§ **Exercise directions**: Without any images, write the listing below out word for word.

==== Raw data

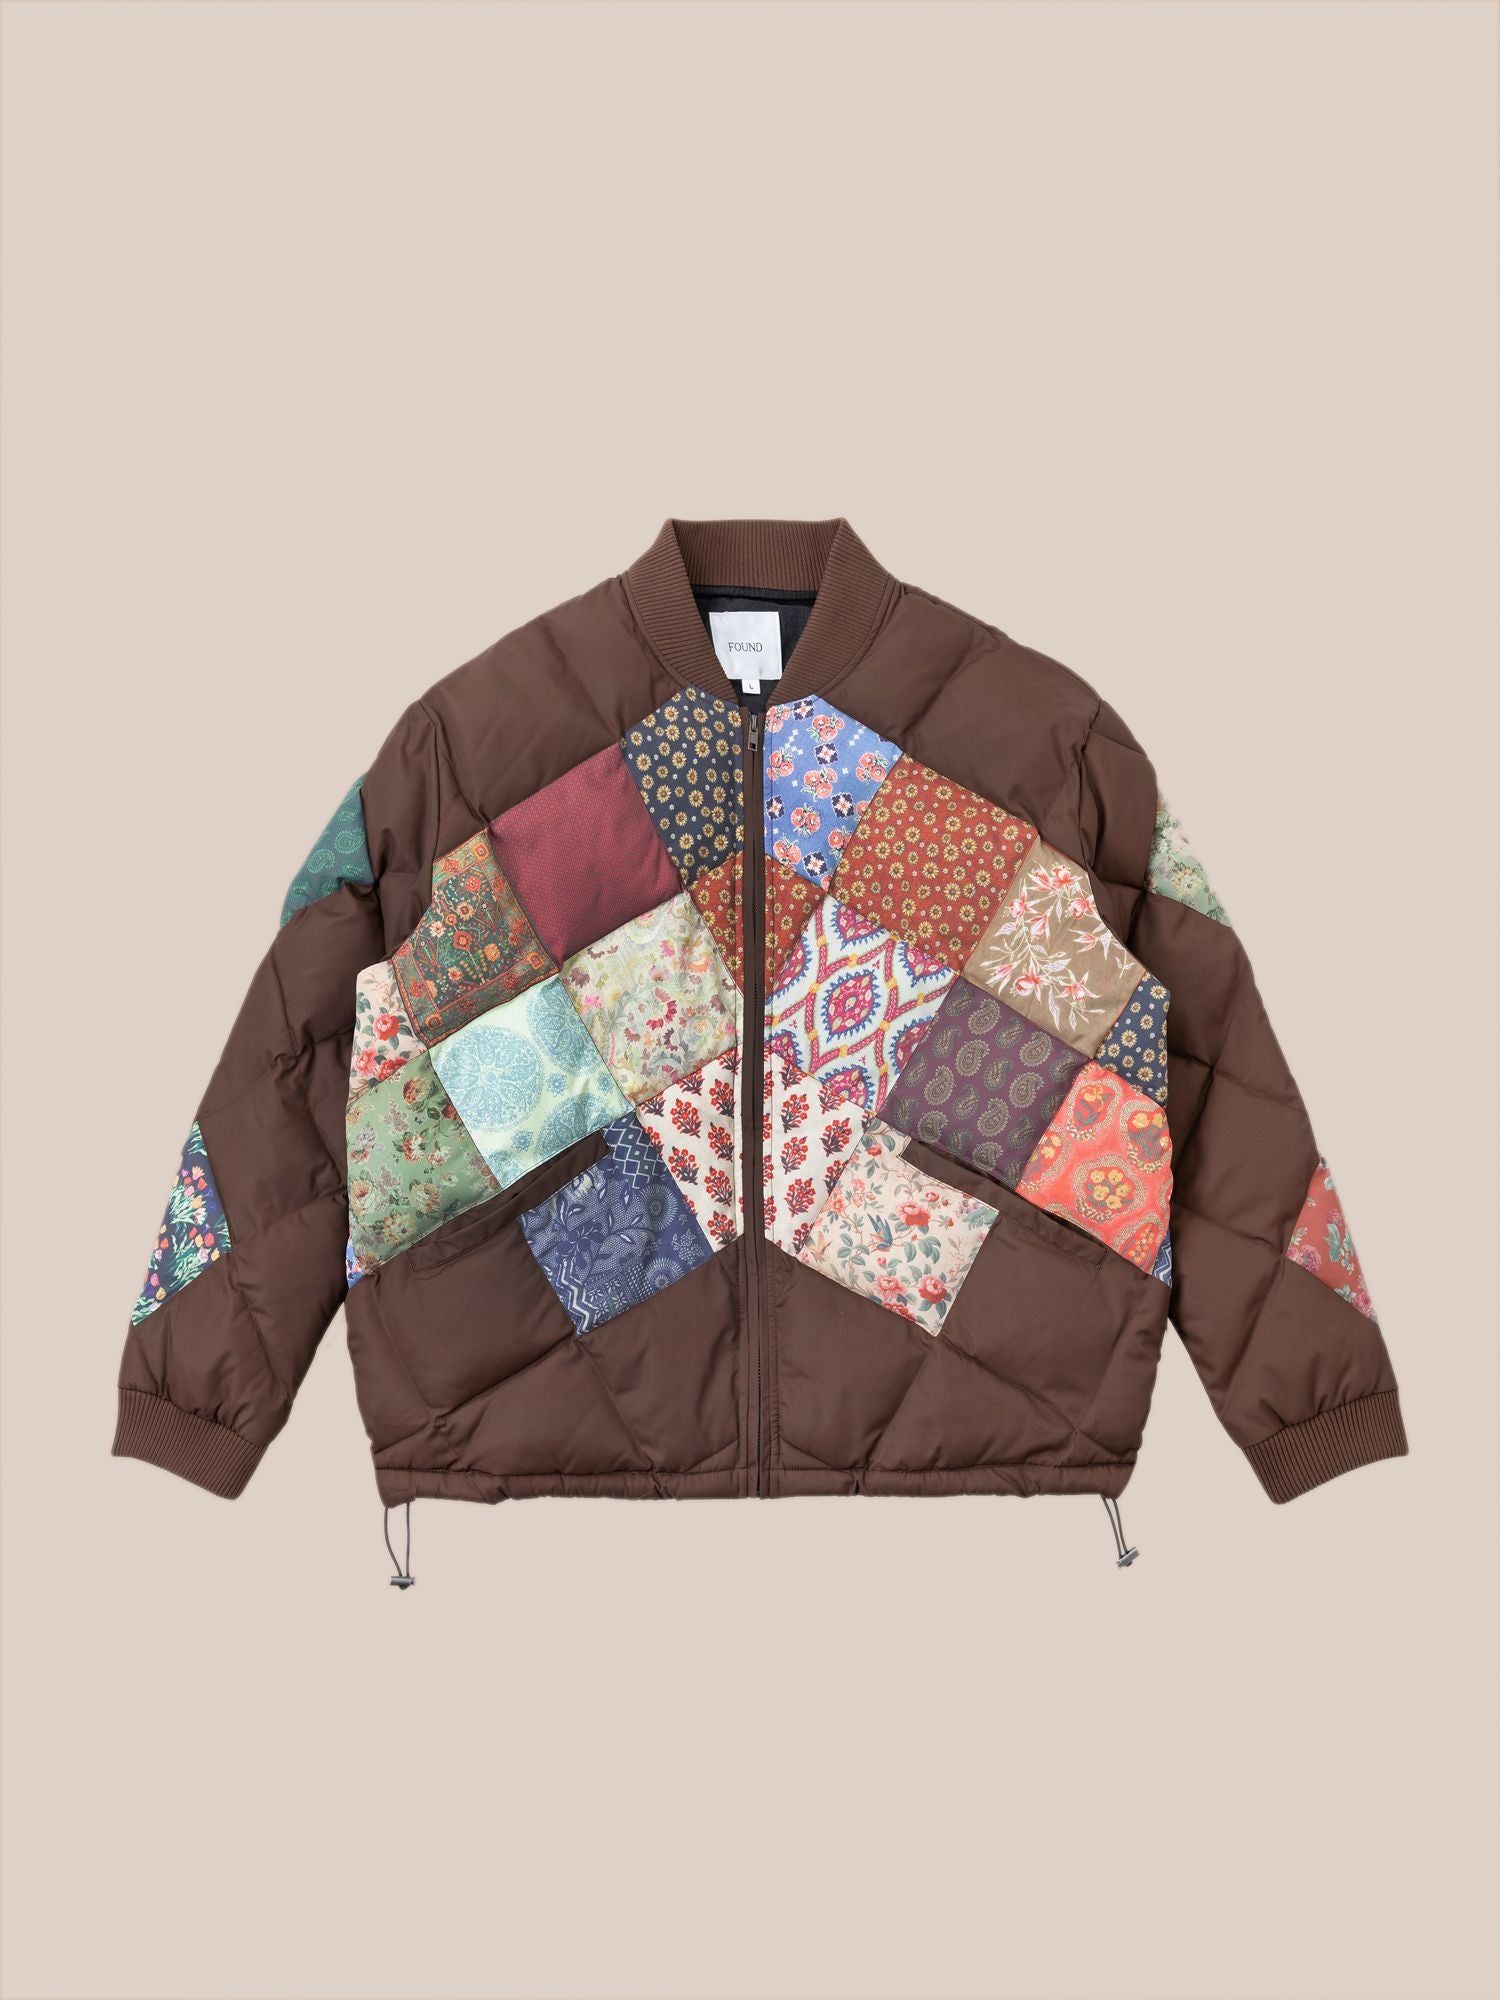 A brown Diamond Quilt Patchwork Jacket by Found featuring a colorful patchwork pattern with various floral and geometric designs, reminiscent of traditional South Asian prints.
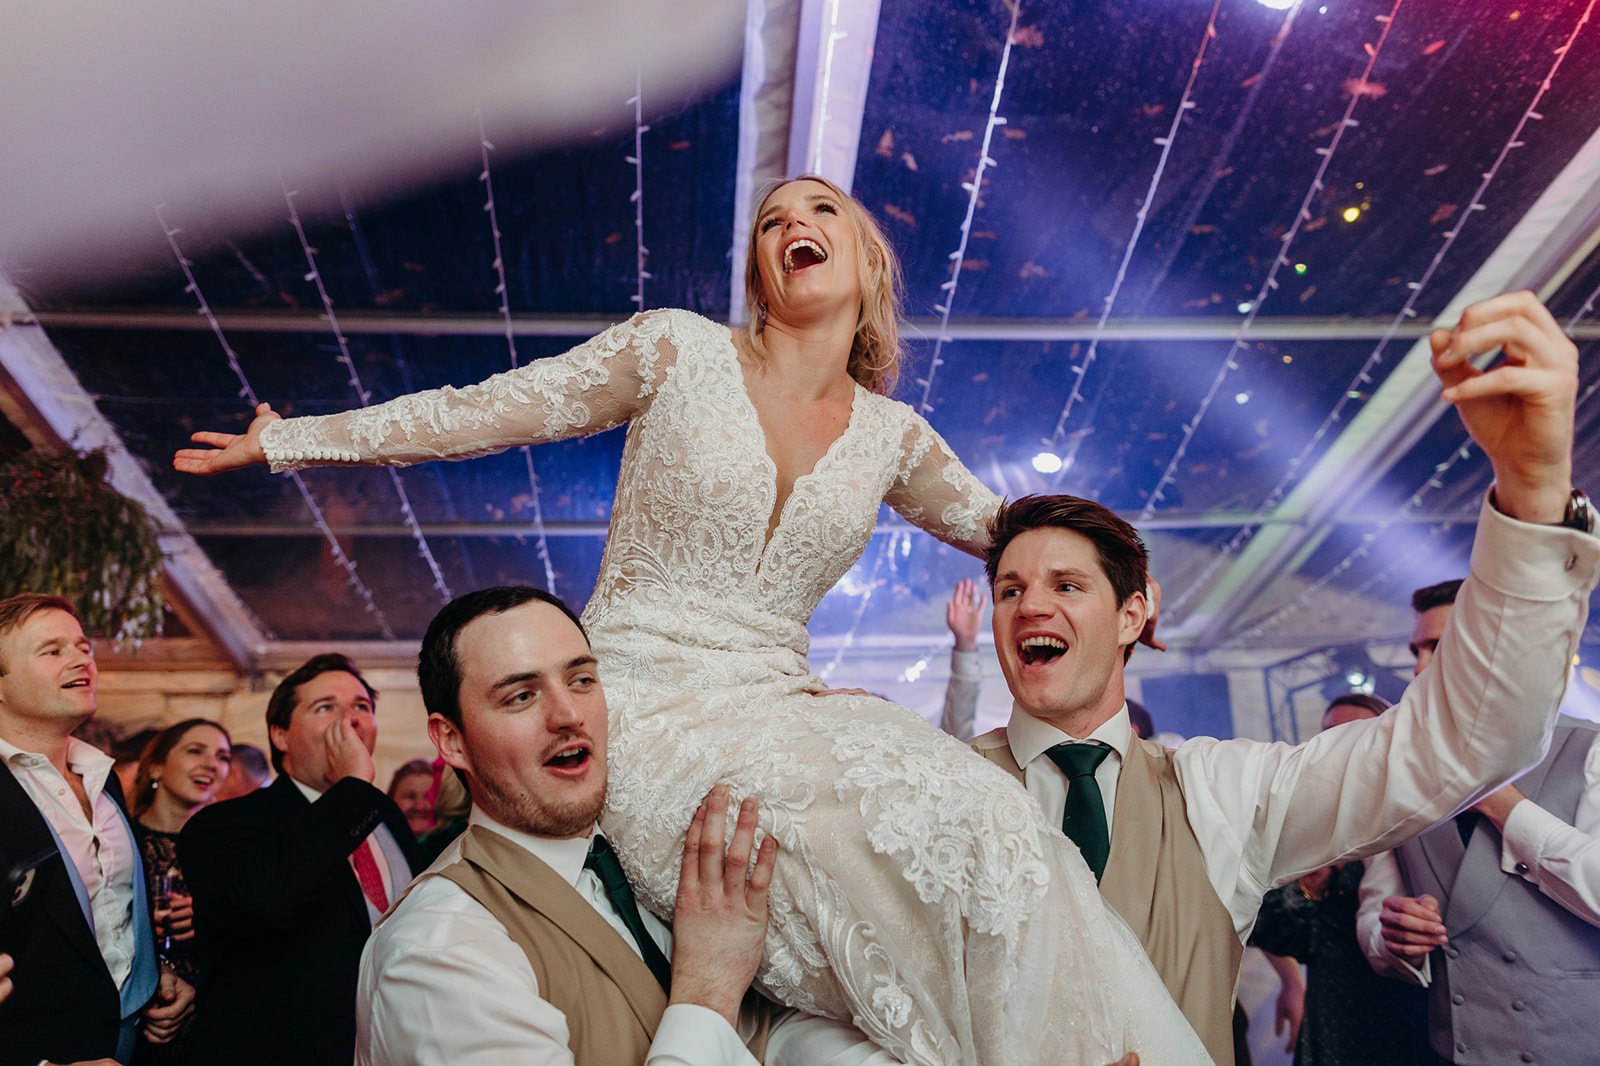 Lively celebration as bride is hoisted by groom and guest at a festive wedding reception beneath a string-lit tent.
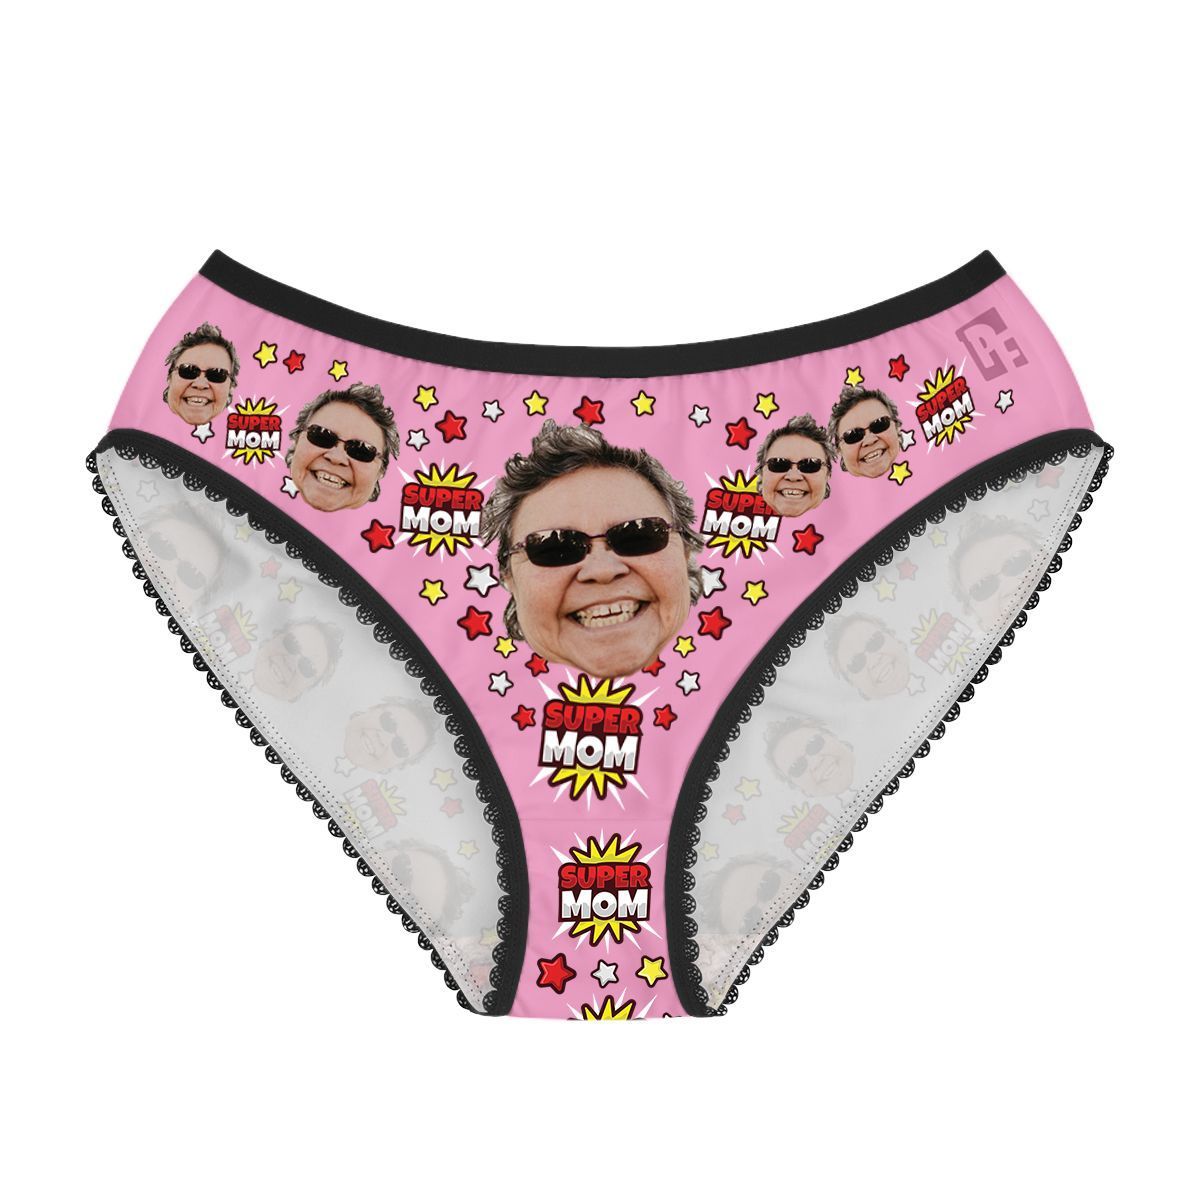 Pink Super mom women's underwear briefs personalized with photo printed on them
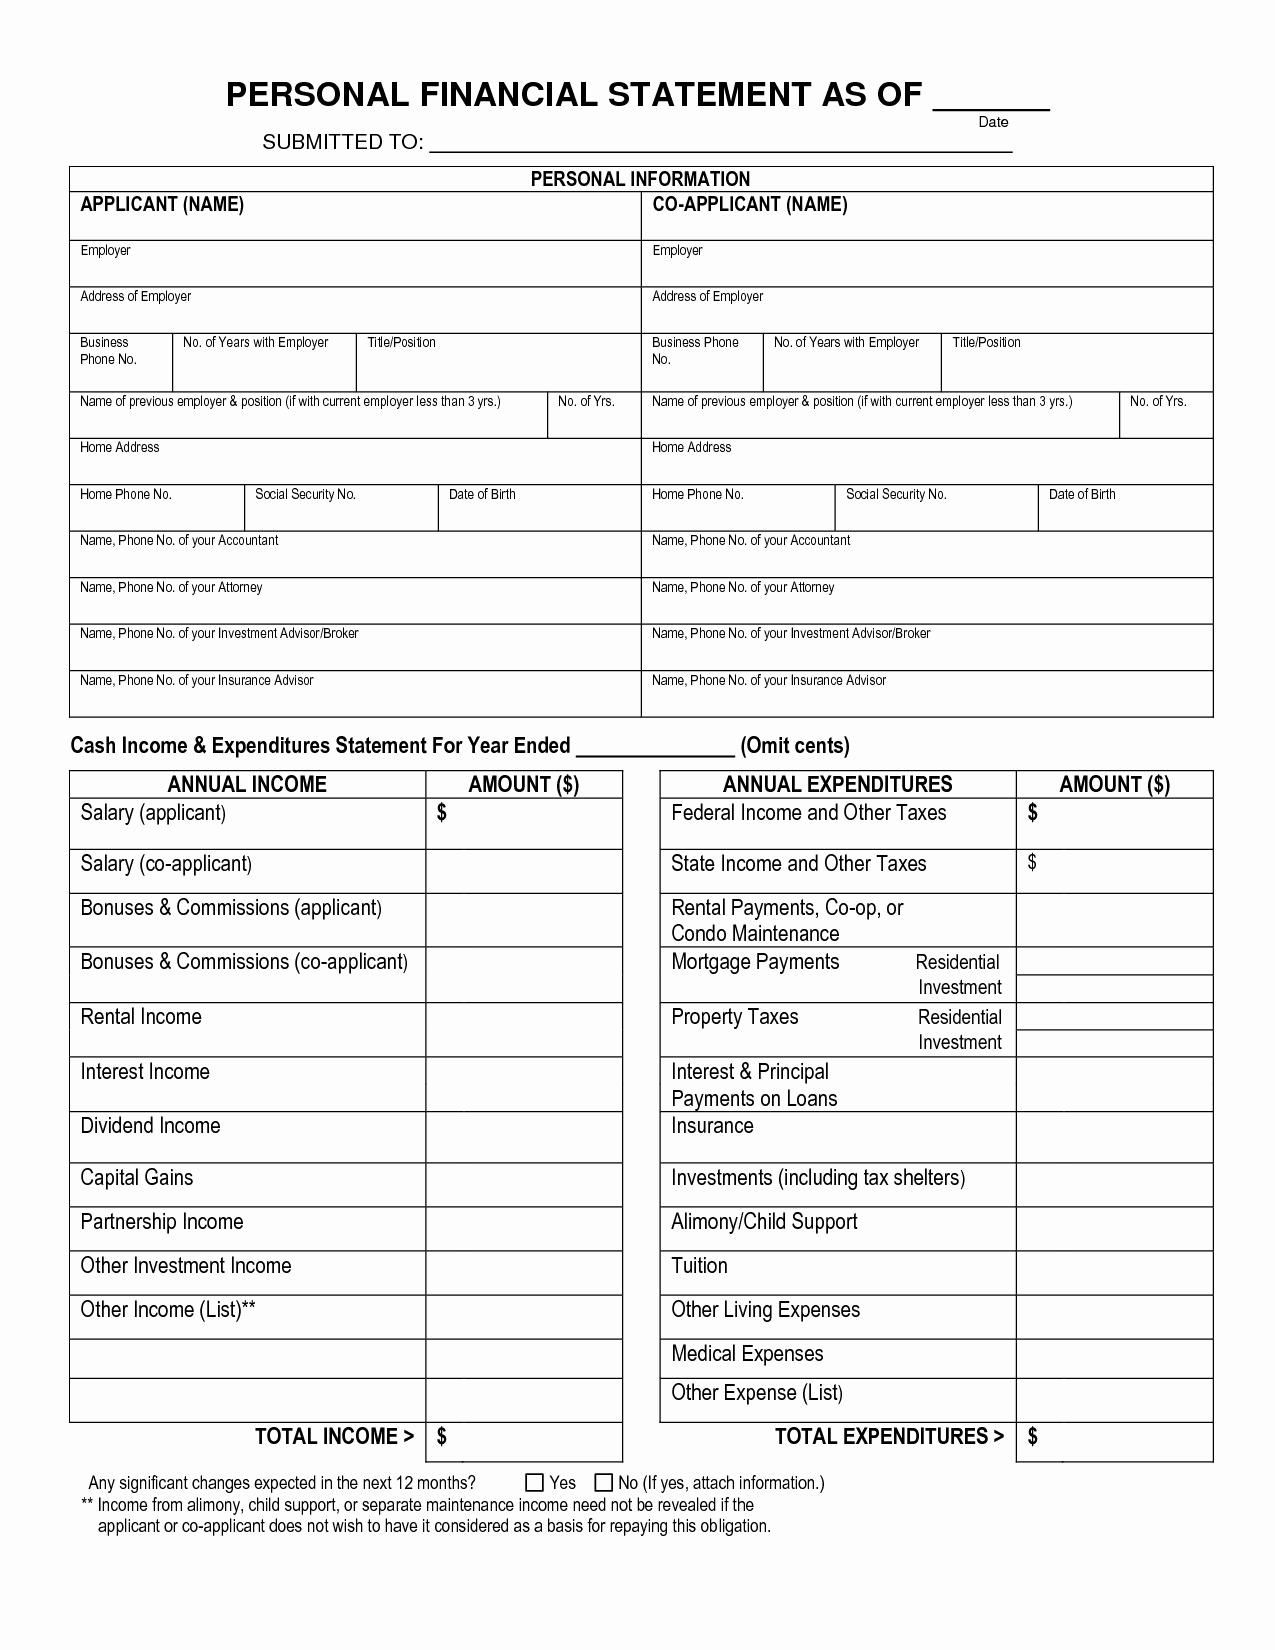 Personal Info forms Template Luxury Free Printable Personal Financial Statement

========

§ **Reply to the task**:
 A brown Diamond Quilt Patchwork Jacket by Found featuring a colorful patchwork pattern with various floral and geometric designs, reminiscent of traditional South Asian prints.
 Lively celebration as bride is hoisted by groom and guest at a festive wedding reception beneath a string-lit tent.
 Pink Super mom women's underwear briefs personalized with photo printed on them
 Personal Info forms Template Luxury Free Printable Personal Financial Statement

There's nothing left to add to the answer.